The Argus Motoren Gesellschaft m. b. H. was a German company that developed and manufactured motor vehicles and, perhaps with even more renown, engines for vehicles, boats and aircraft.  It was based in Berlin-Reinickendorf.

Argus was founded in 1901 by Henri Jeannin as the Internationale Automobil-Zentrale Jeannin & Co, initially to import Panhards from France.  In 1902 the company started making its own cars, at first with Panhard engines and other components, but in 1903 began to develop and make its own engines: a 2,380cc 12PS 2-cylinder, a 4,960cc 20PS 4-cyclinder and a 9,260cc 40PS 4-cylinder.  There is no information about the size of the six-cylinder that powered the car in our Snapshot, but we know that from 1906 Argus built trucks with various engine sizes, the largest of which was rated at 70PS and claimed to be the first six-cylinder engine installed in a commercial vehicle.  Could this be the powerplant of the limousine?

The company changed its name in 1904 to Argus Motoren-Gesellschaft Jeannin & Co. and then in 1906 to Argus Motoren-Gesellschaft m.b..  In 1906 Jeannin left Argus and set up the Sun car company with his brother Emil.  The Argus company continued to make cars until 1910 and even competed in motor sport, including the Herkomer Trial.

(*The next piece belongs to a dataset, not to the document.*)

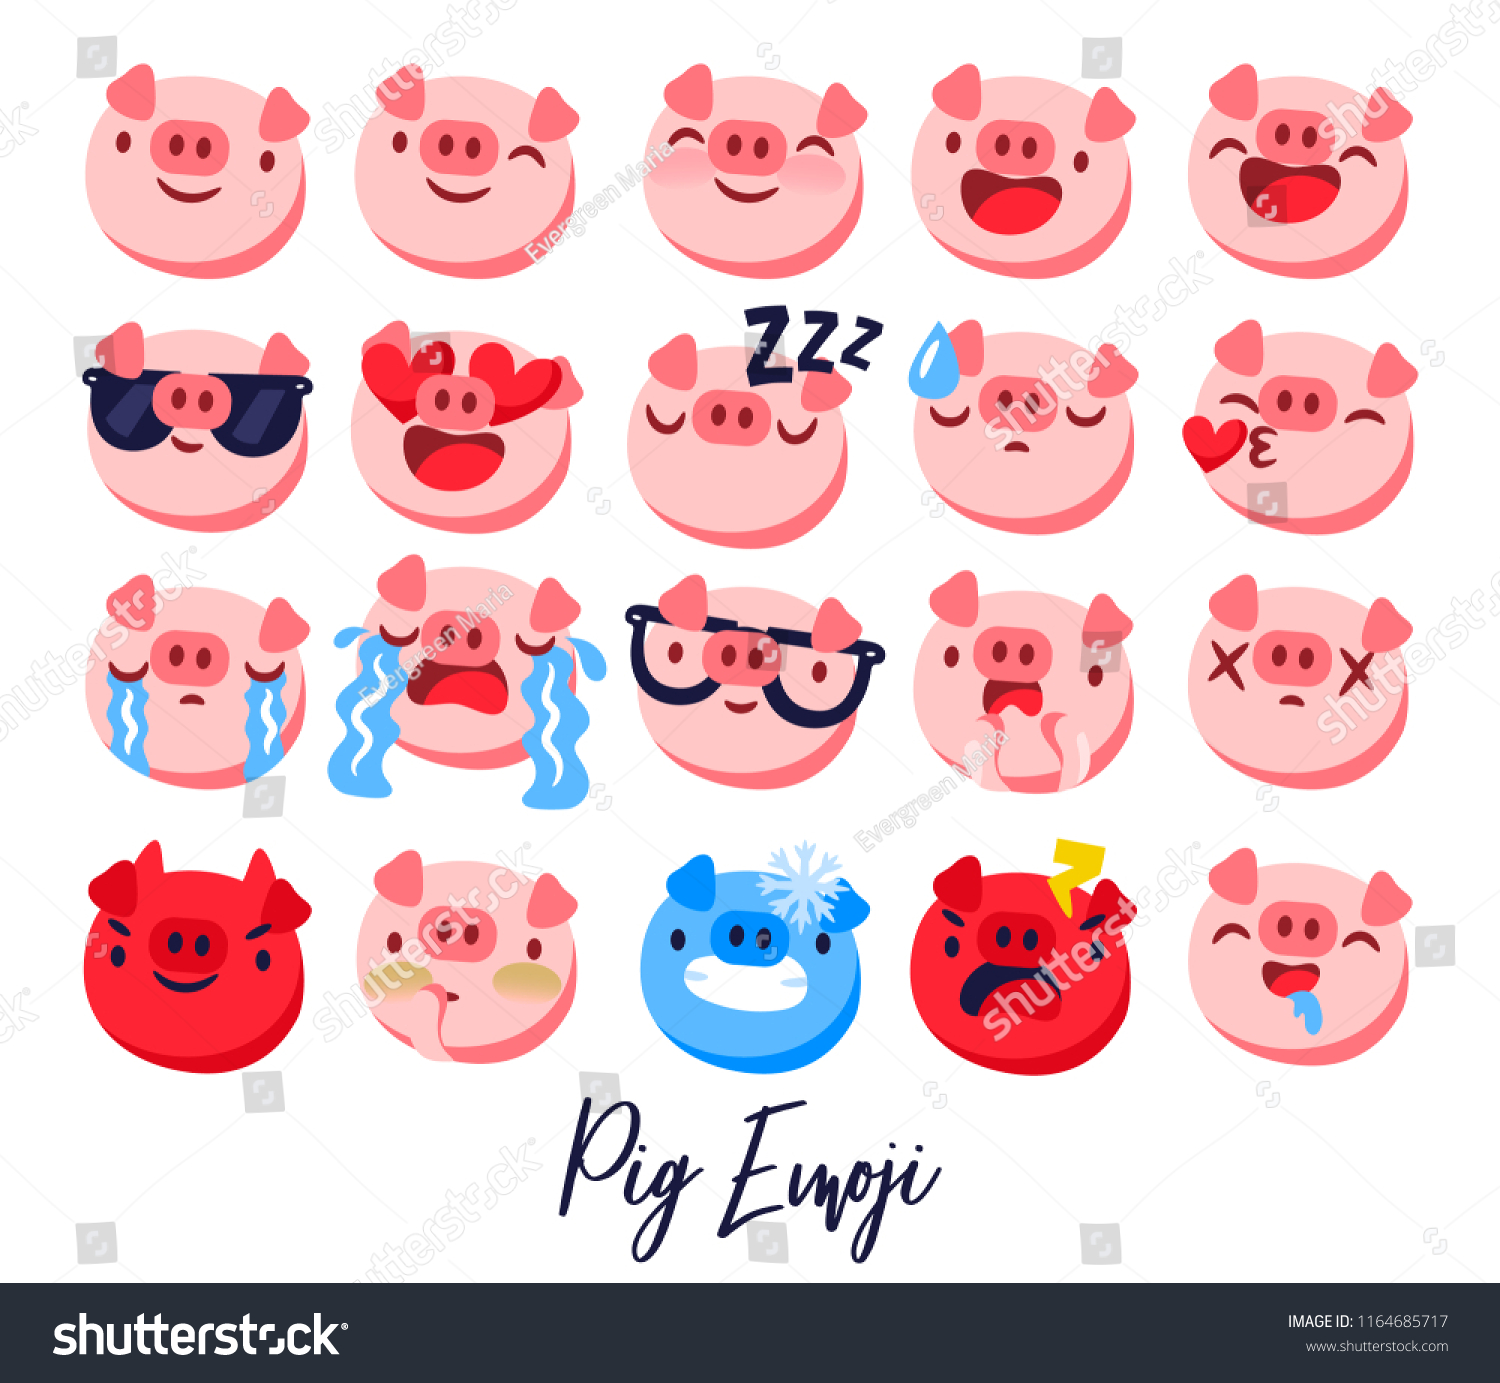 SVG of Happy chinese new year 2019 Zodiac sign calendar with pig emoji, emoticons pink colorful funny characters piglet. Vector illustration. svg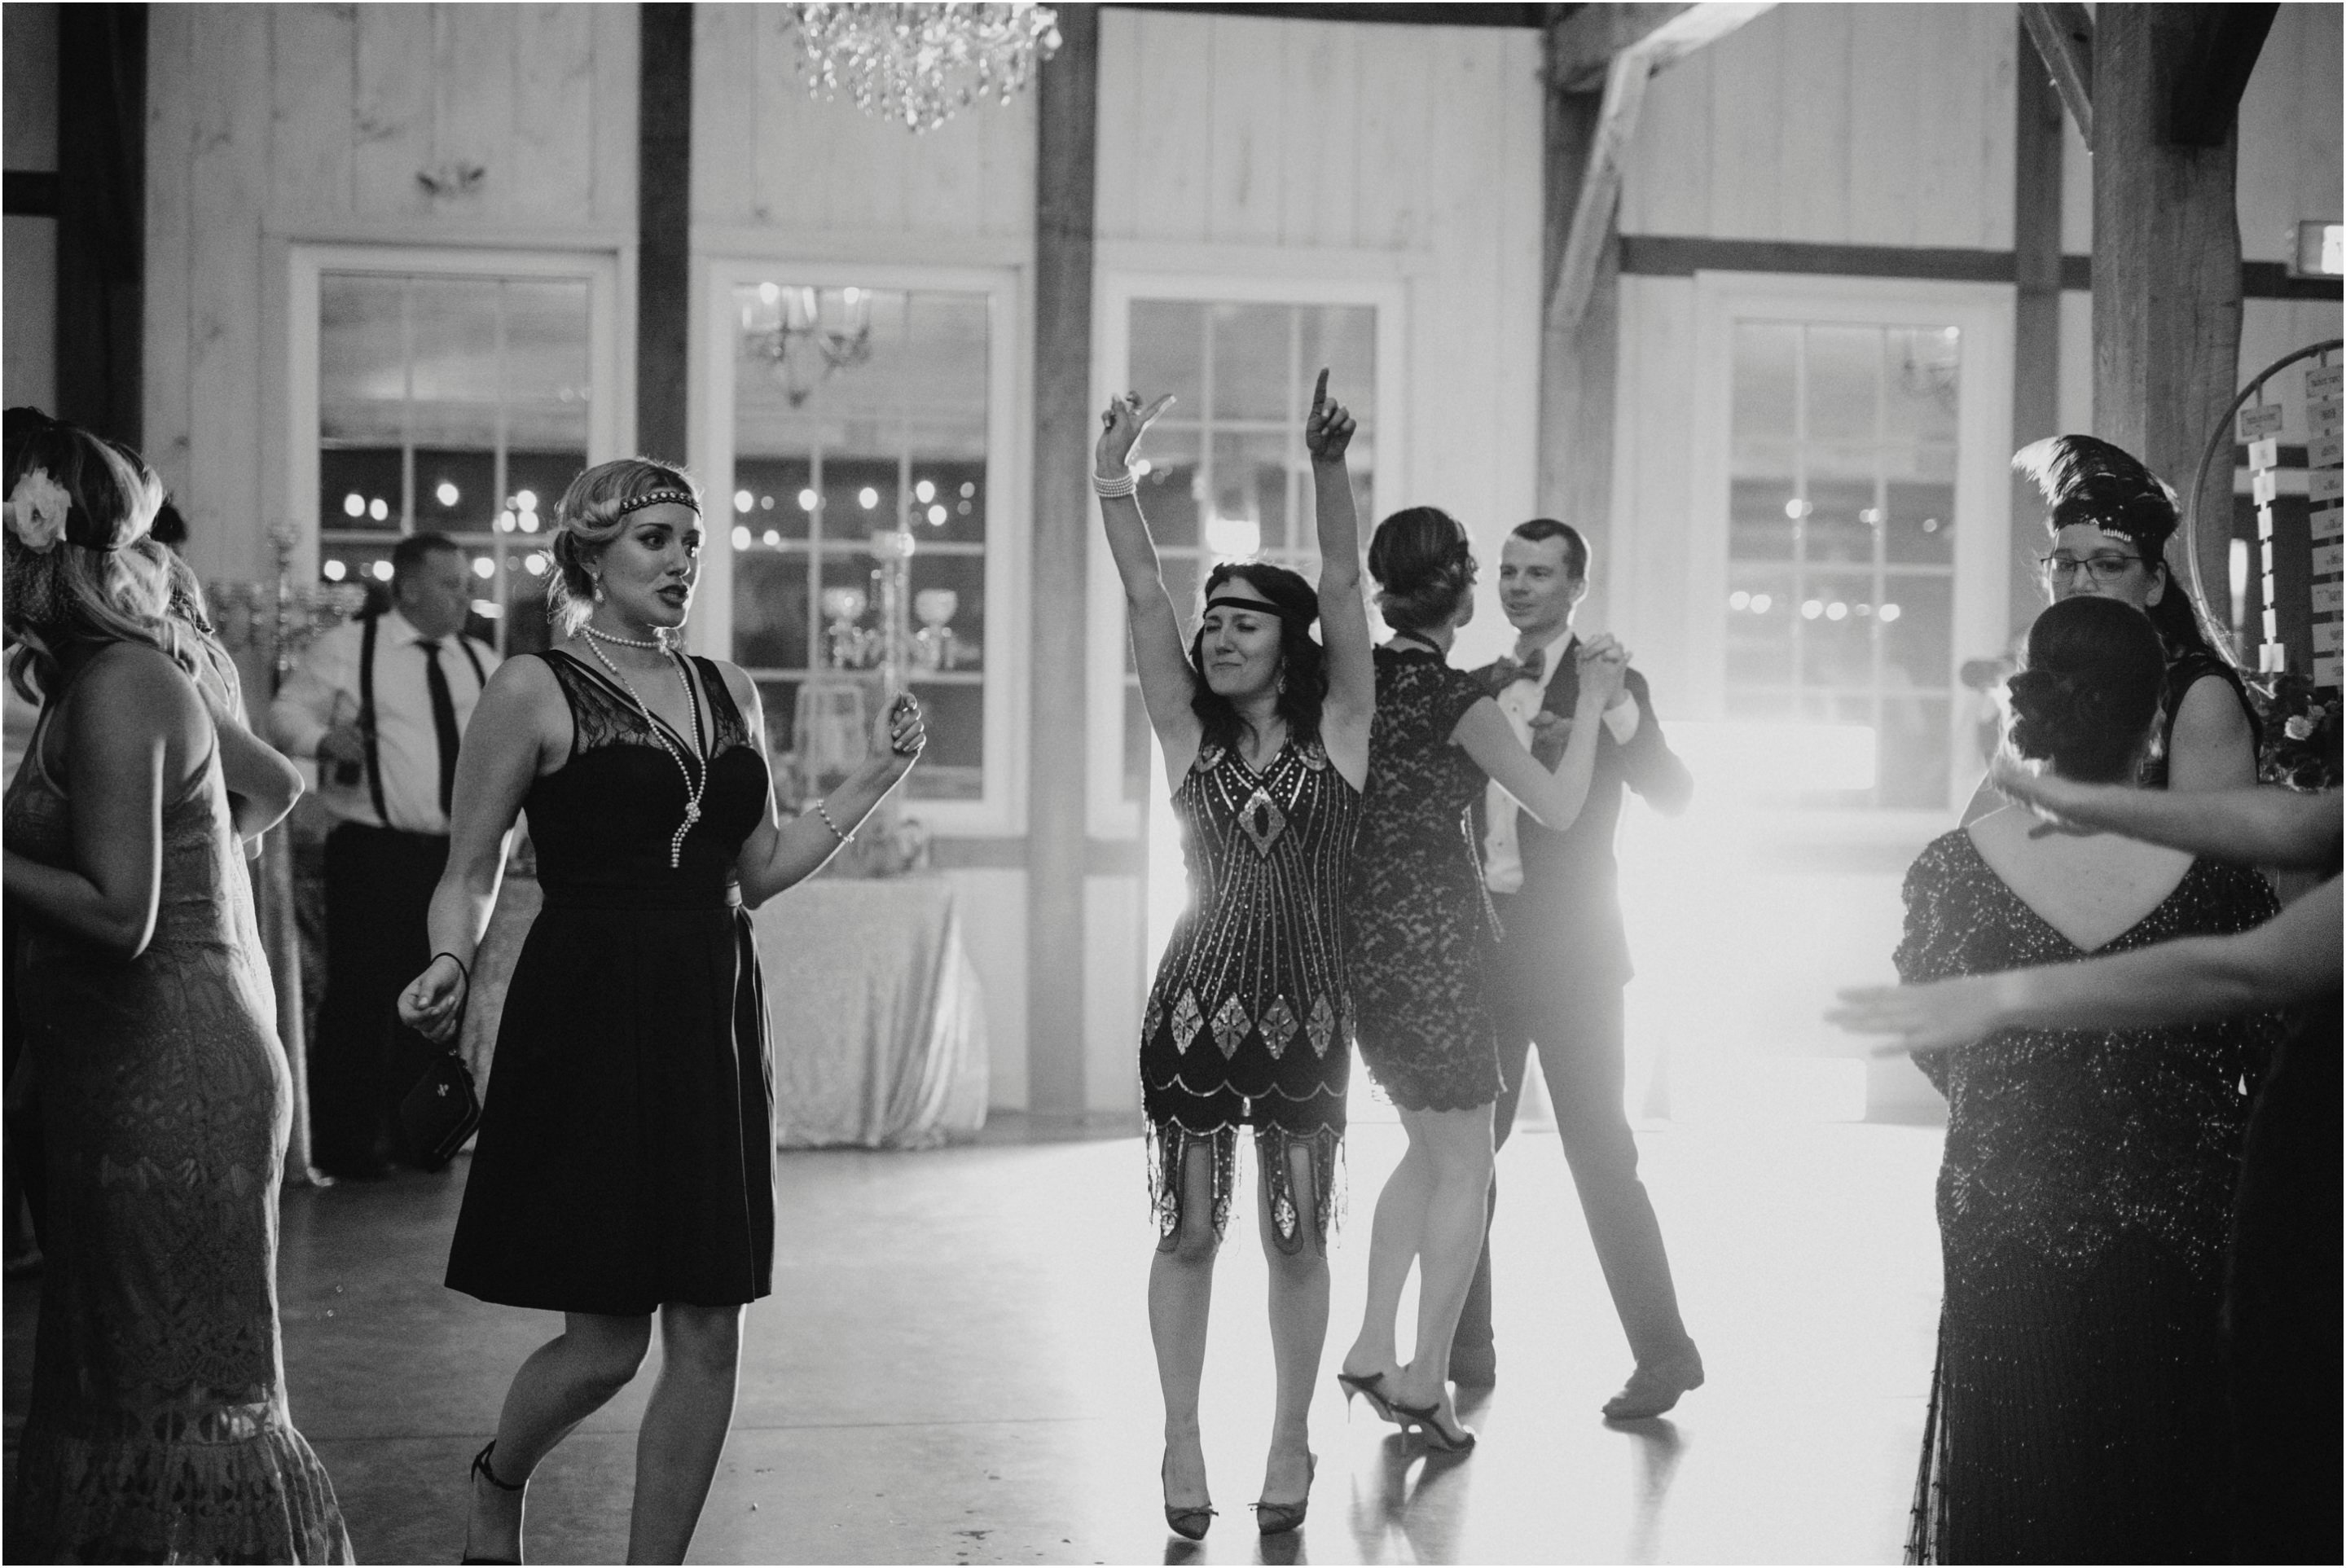 Stonefields Great Gatsby Wedding - Cindy Lottes Photography

The Argus car was said to have been sold in England under the name Beaufort, from premises near Baker Street in London, but these English cars appear to have had very different engines from those sold in Germany, and were supposed to be made in Baden, a location that appears nowhere in early Argus history – and so the link between Beaufort and Argus is perhaps doubtful.

After development of engines for a French airship in 1906, the Argus company moved increasingly towards engine manufacture, including series-built aero engines, highly effective motorboat engines and, in 1912, the engines for the world’s first four-engined aircraft, built by Sikorski.  Argus returned to the field of motor vehicles in 1929, when it manufactured straight-eight engines for Horch.